**THE TASK**:
Write out the listing below without alteration, omitting its pictures.

**STORED DATA**:

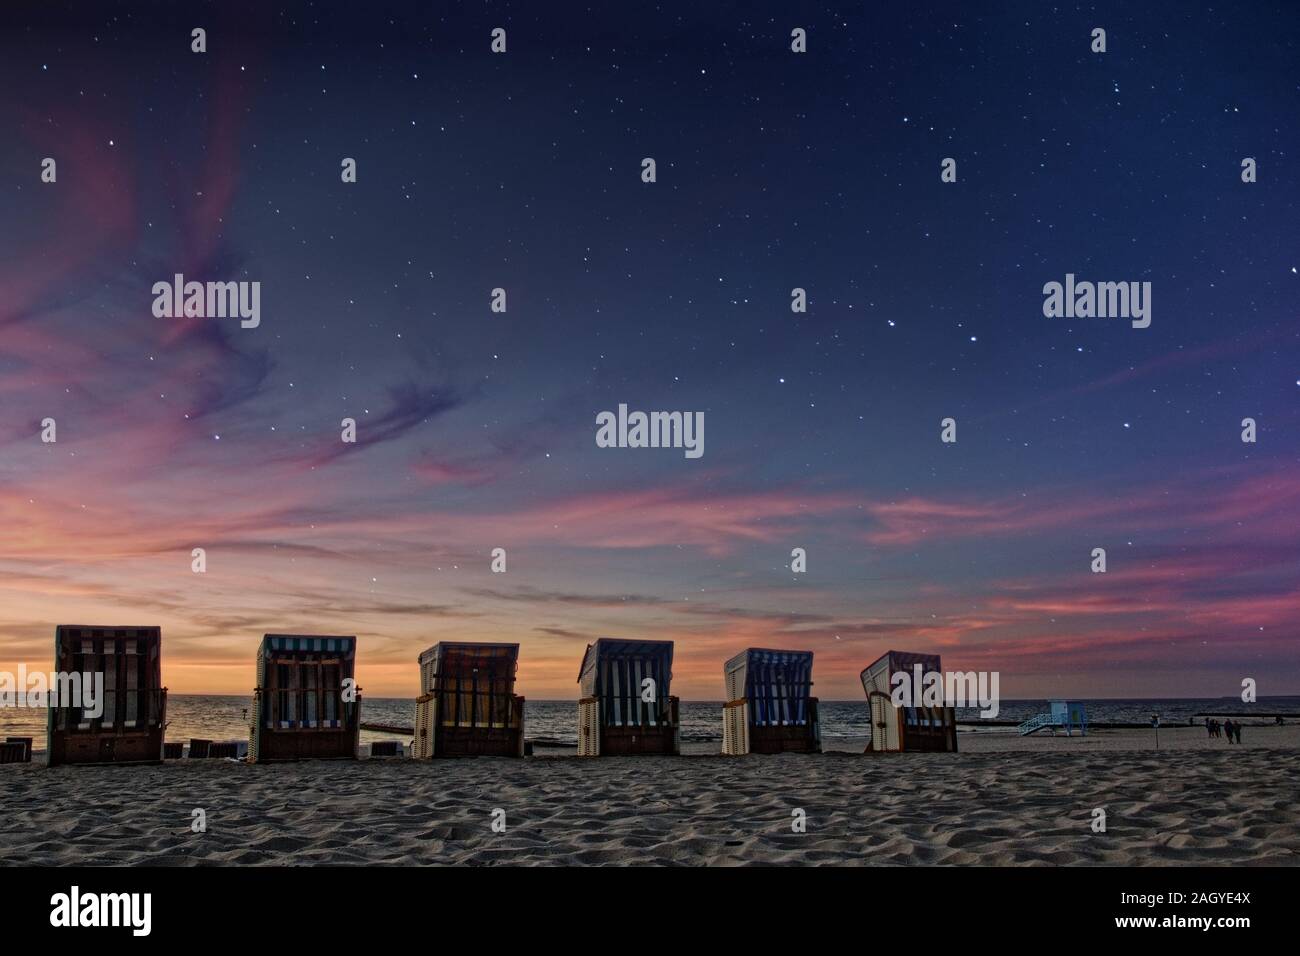 Soleil Ligne de sièges sur la plage Baltique quand le jour et nuit des étoiles apparaissent Banque D'Images
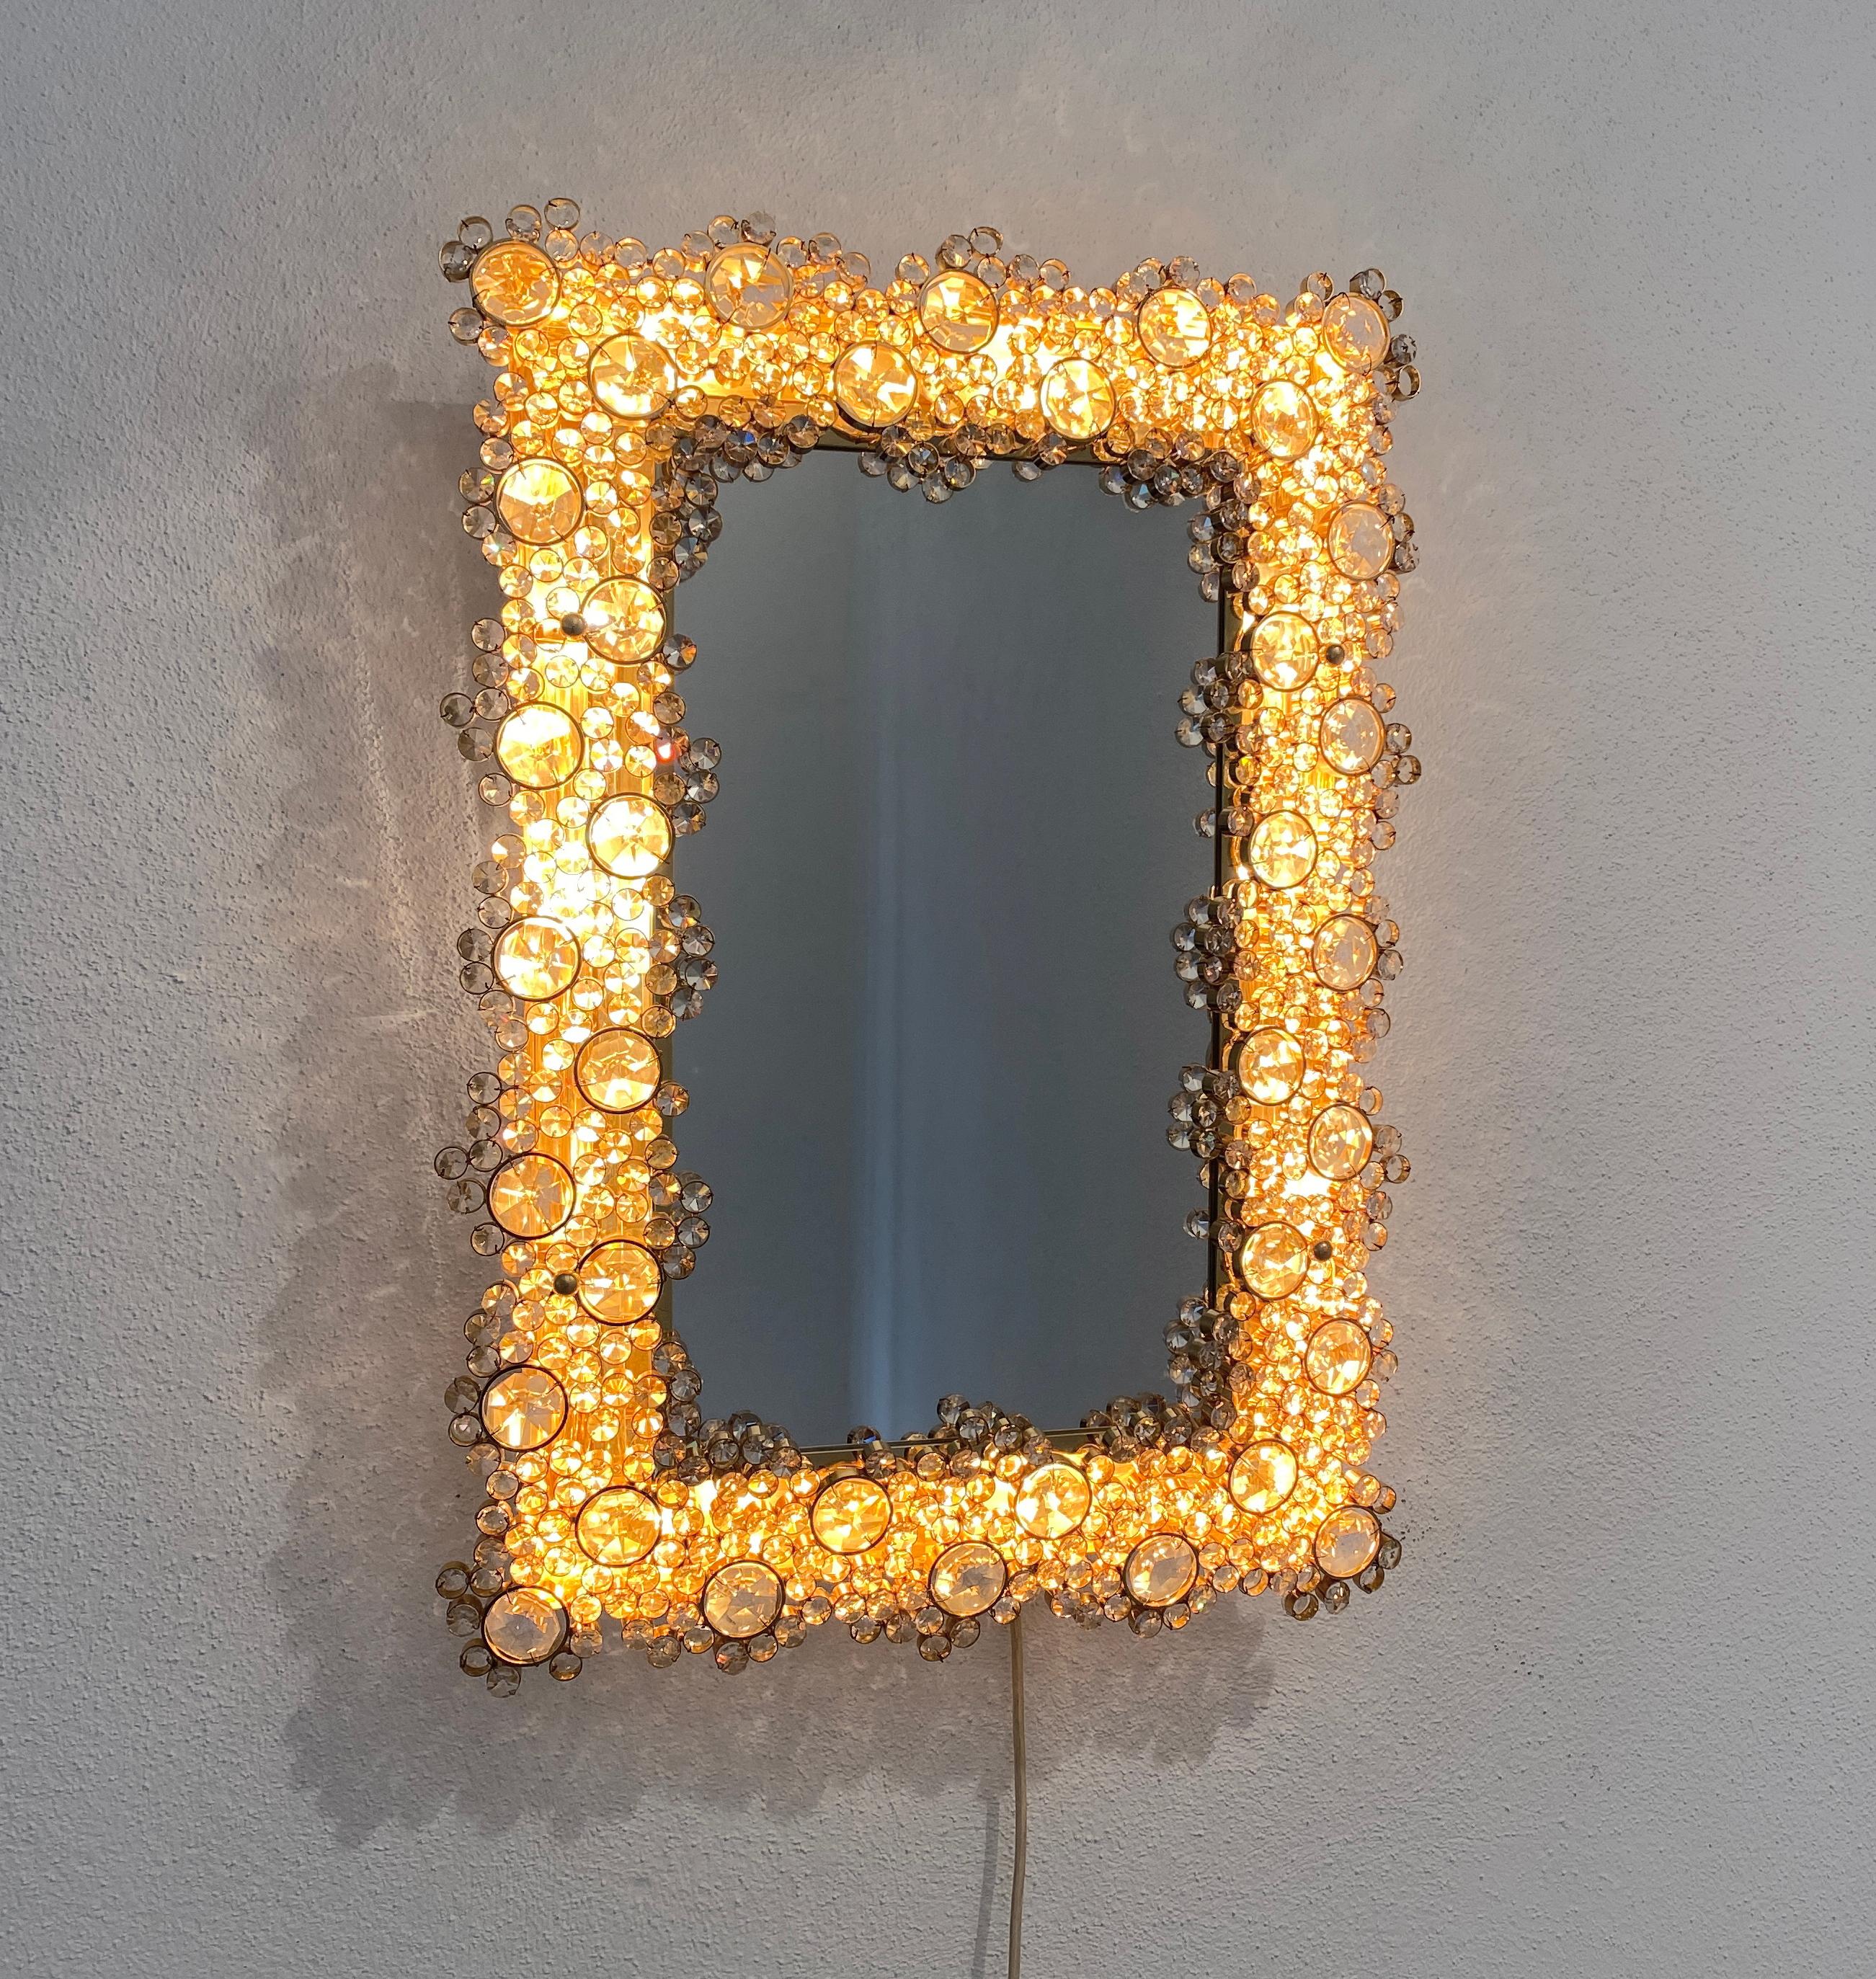 Rechteckiger Spiegel aus der Mitte des Jahrhunderts aus goldfarbenem Glas von Palwa Deutschland, 1960

Die Abmessungen sind 18,9
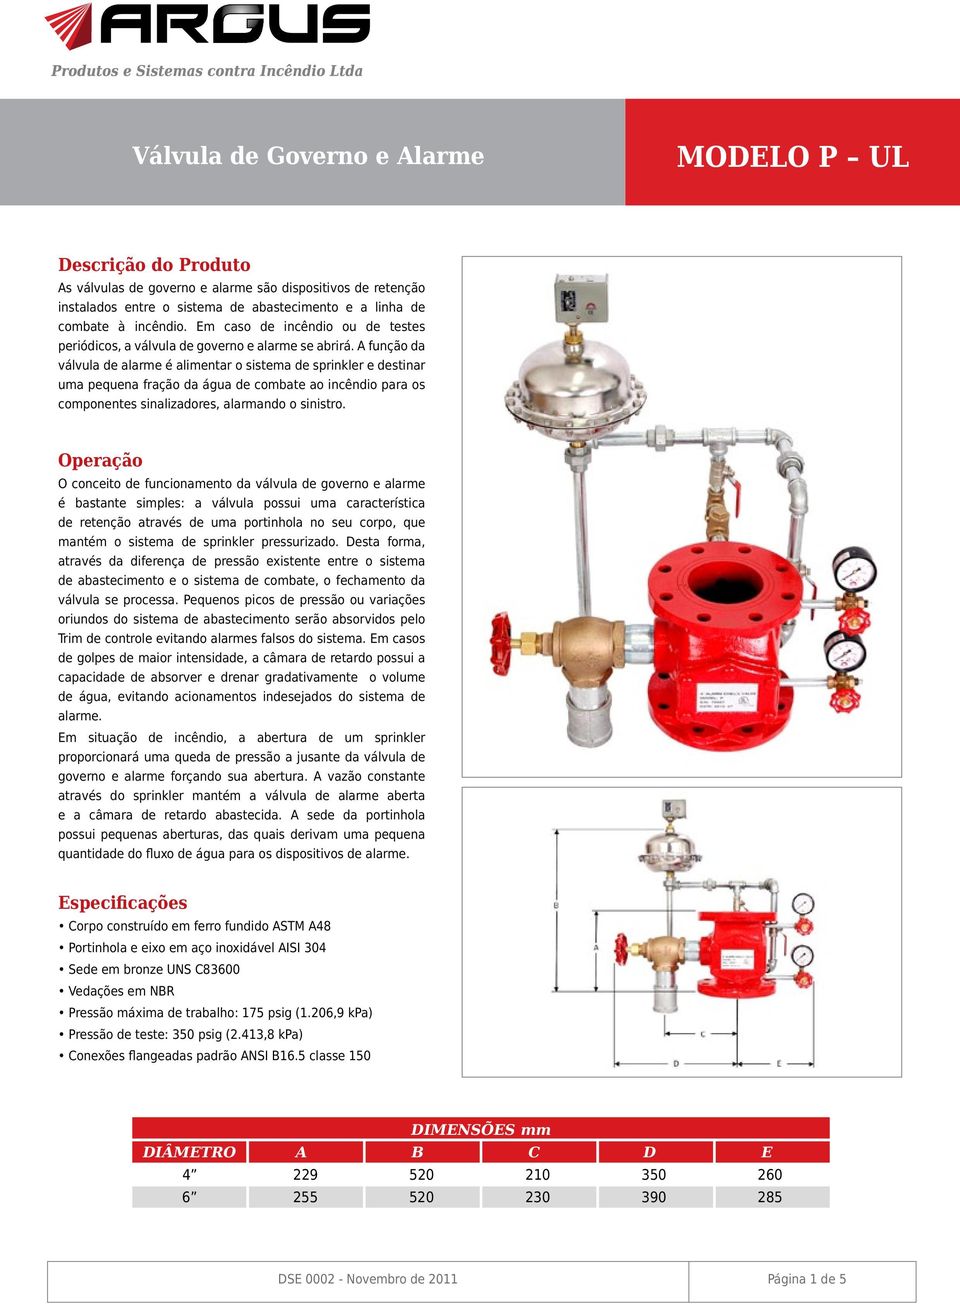 A função da válvula de alarme é alimentar o sistema de sprinkler e destinar uma pequena fração da água de combate ao incêndio para os componentes sinalizadores, alarmando o sinistro.

**WRITTEN SOLUTION**:
 Soleil Ligne de sièges sur la plage Baltique quand le jour et nuit des étoiles apparaissent Banque D'Images
 Rechteckiger Spiegel aus der Mitte des Jahrhunderts aus goldfarbenem Glas von Palwa Deutschland, 1960

Die Abmessungen sind 18,9
 A função da válvula de alarme é alimentar o sistema de sprinkler e destinar uma pequena fração da água de combate ao incêndio para os componentes sinalizadores, alarmando o sinistro.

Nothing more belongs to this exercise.